[[ Records, beginning ]]
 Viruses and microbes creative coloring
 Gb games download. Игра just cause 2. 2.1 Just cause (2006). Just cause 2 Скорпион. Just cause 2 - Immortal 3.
[[ Records, end ]]
[[ Records, beginning ]]
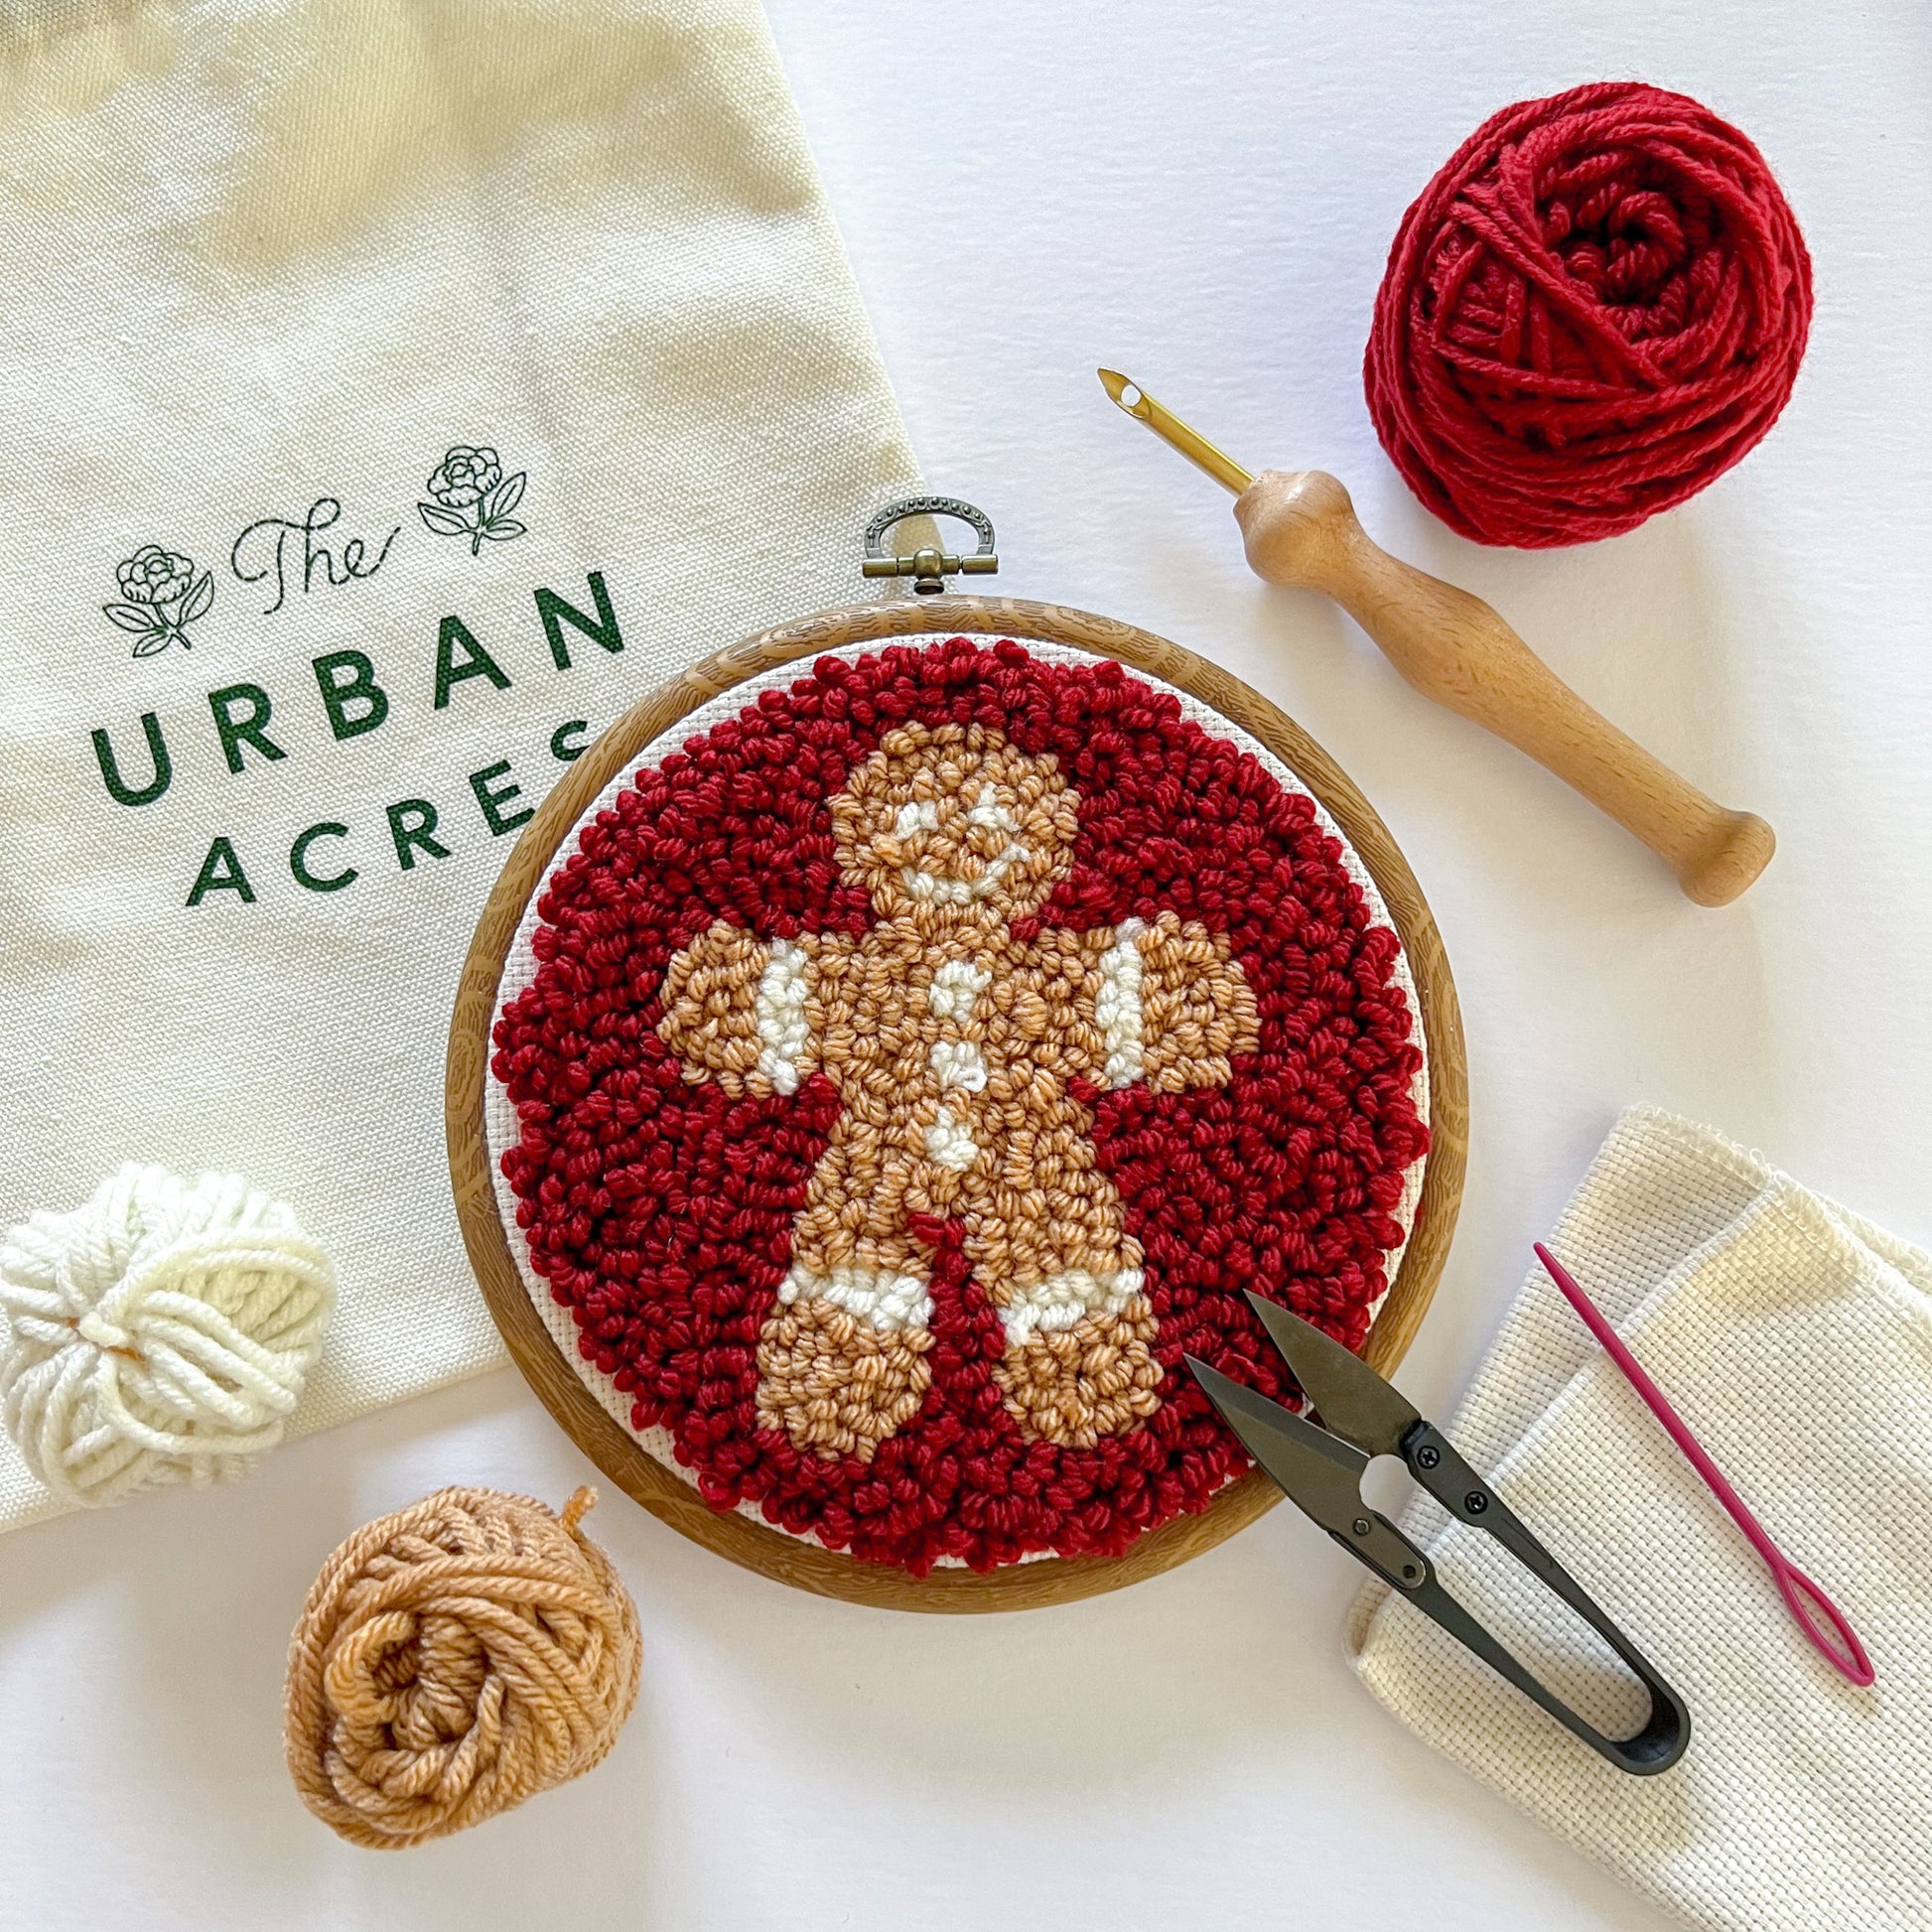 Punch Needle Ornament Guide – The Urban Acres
[[ Records, end ]]
* Instructions for the task *
Output exactly the lines of the material above from the one containing "Viruses and microbes creative coloring" up to and including the one containing "Gb games download.".

* Problem solution *
 Viruses and microbes creative coloring
 Gb games download. Игра just cause 2. 2.1 Just cause (2006). Just cause 2 Скорпион. Just cause 2 - Immortal 3.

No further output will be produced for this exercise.